THE TASK.
Would you give the listing again exactly as written, minus its pictures?

DATA BLOCK.
- Opening Delimiter -
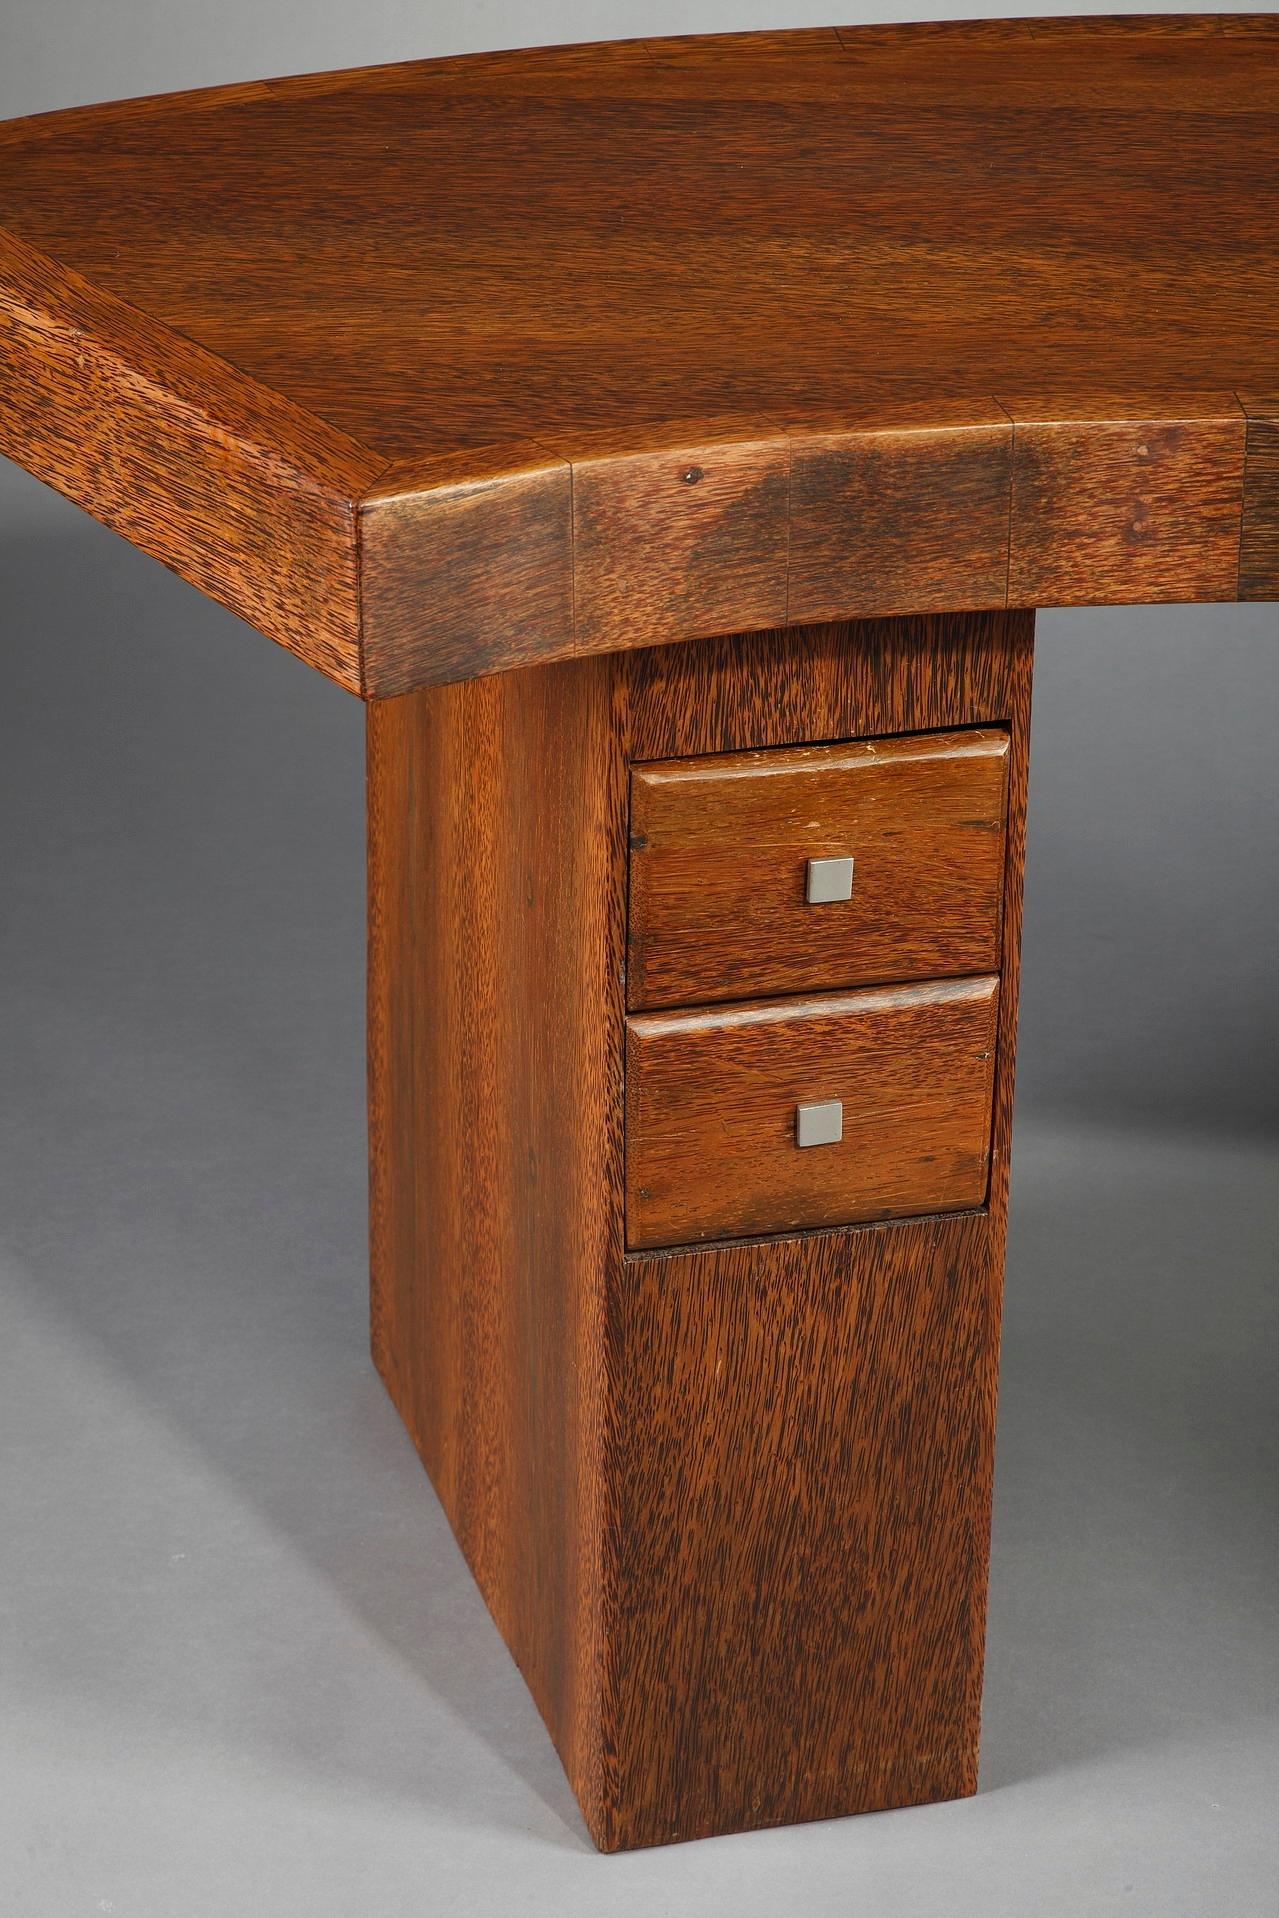 Art Deco writing desk crafted of palmwood. It boasts a large, curved writing surface, resting on two rectangular legs. The desk reveals two small drawers in each leg. This French desk is very elegant in both simplicity and severity of form,

circa
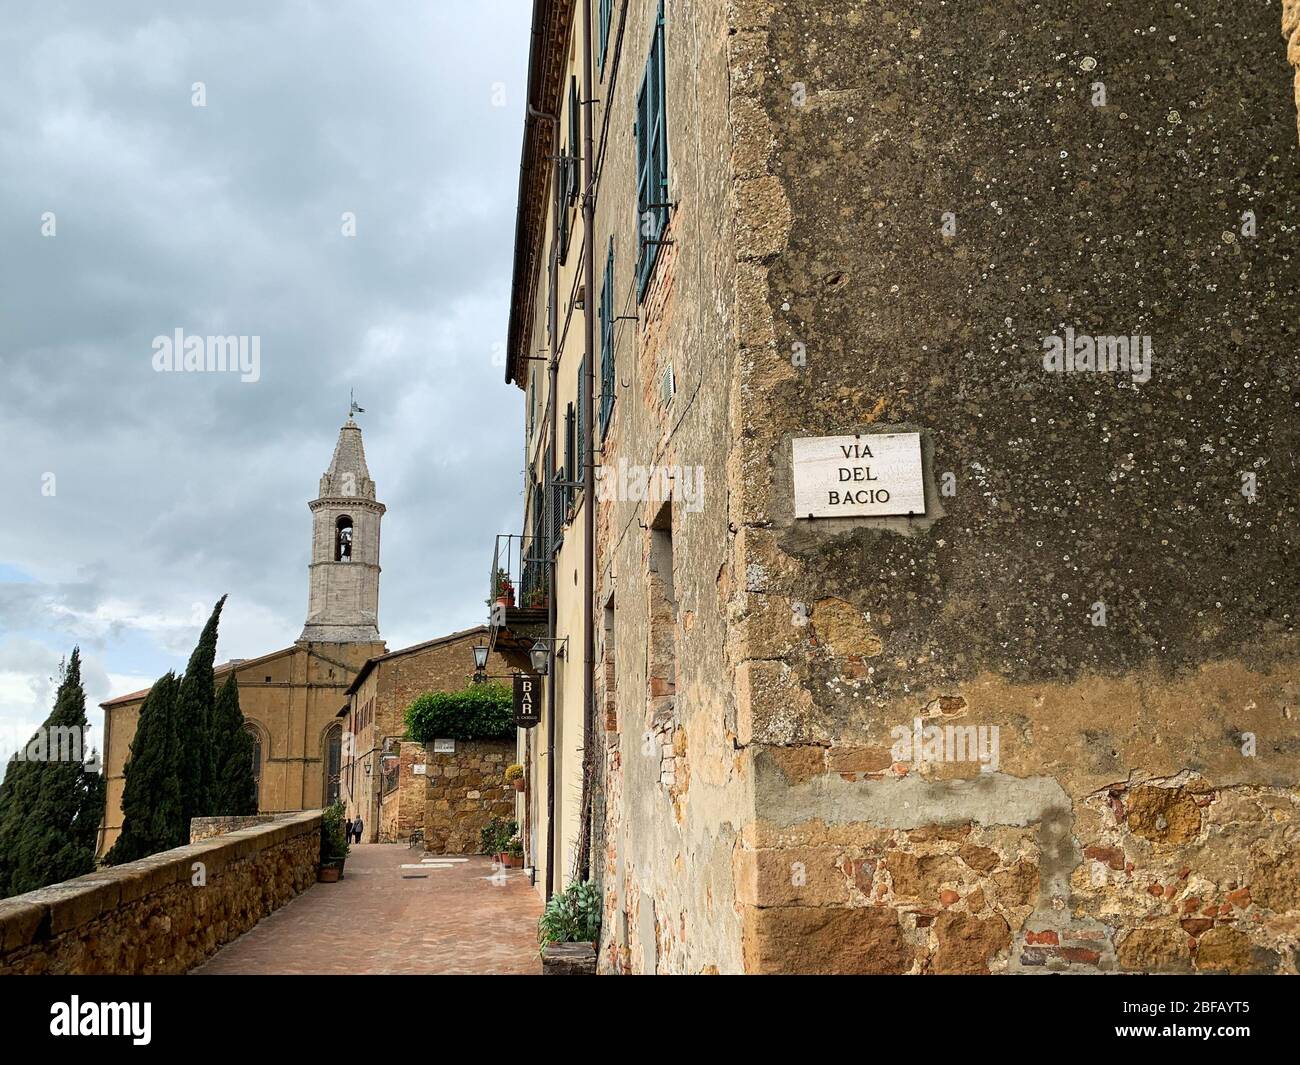 The way of the Kiss ( 'via del bacio' in Italian) is located in the beautiful town of Pienza in Tuscany, Italy. Stock Photo
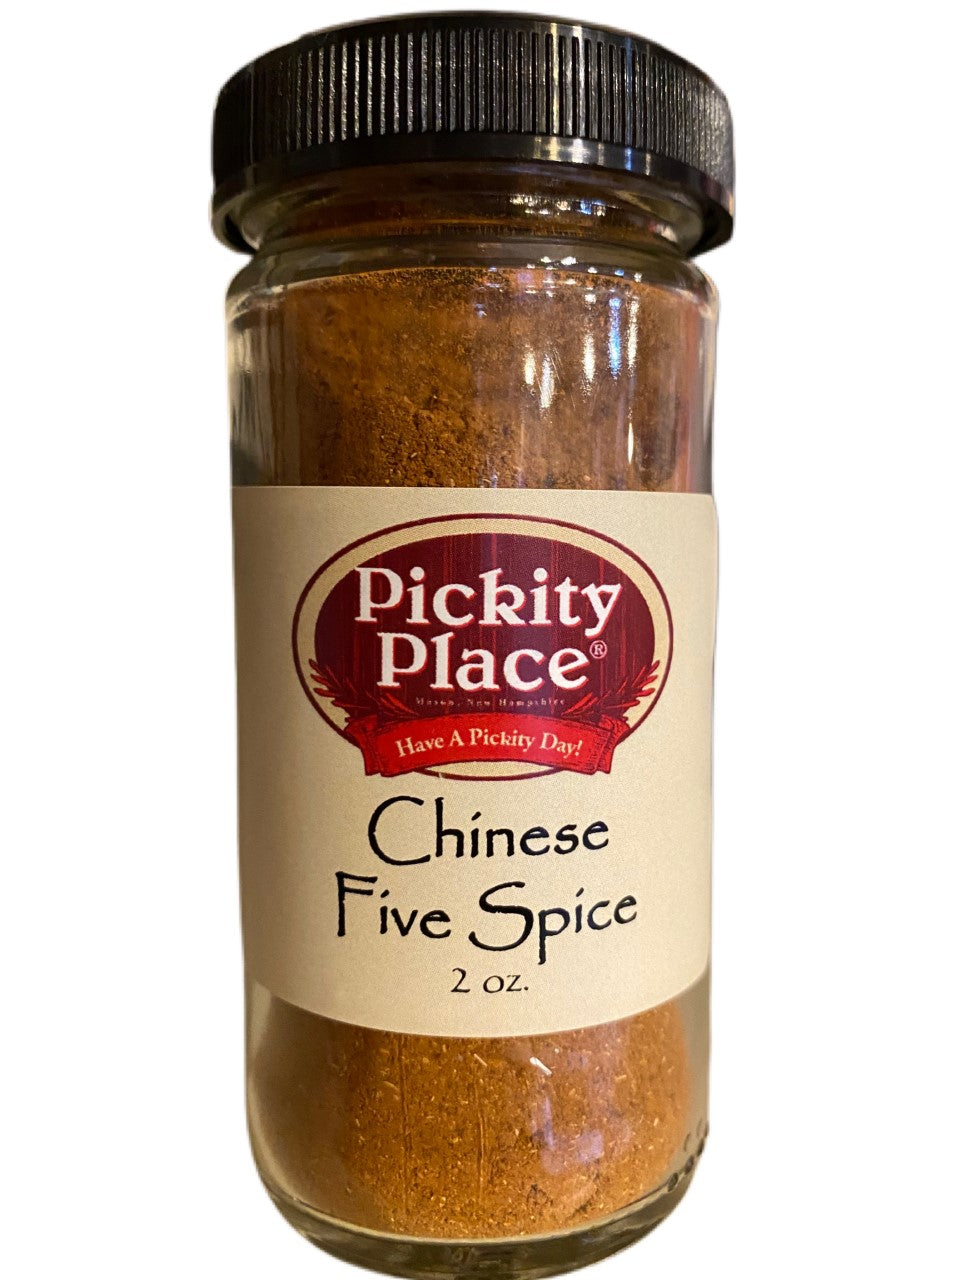 Chinese Five Spice - Oaktown Spice Shop
- Closing Delimiter -
COMPLETED TASK.
 Art Deco writing desk crafted of palmwood. It boasts a large, curved writing surface, resting on two rectangular legs. The desk reveals two small drawers in each leg. This French desk is very elegant in both simplicity and severity of form,

circa
 The way of the Kiss ( 'via del bacio' in Italian) is located in the beautiful town of Pienza in Tuscany, Italy. Stock Photo
 Chinese Five Spice - Oaktown Spice Shop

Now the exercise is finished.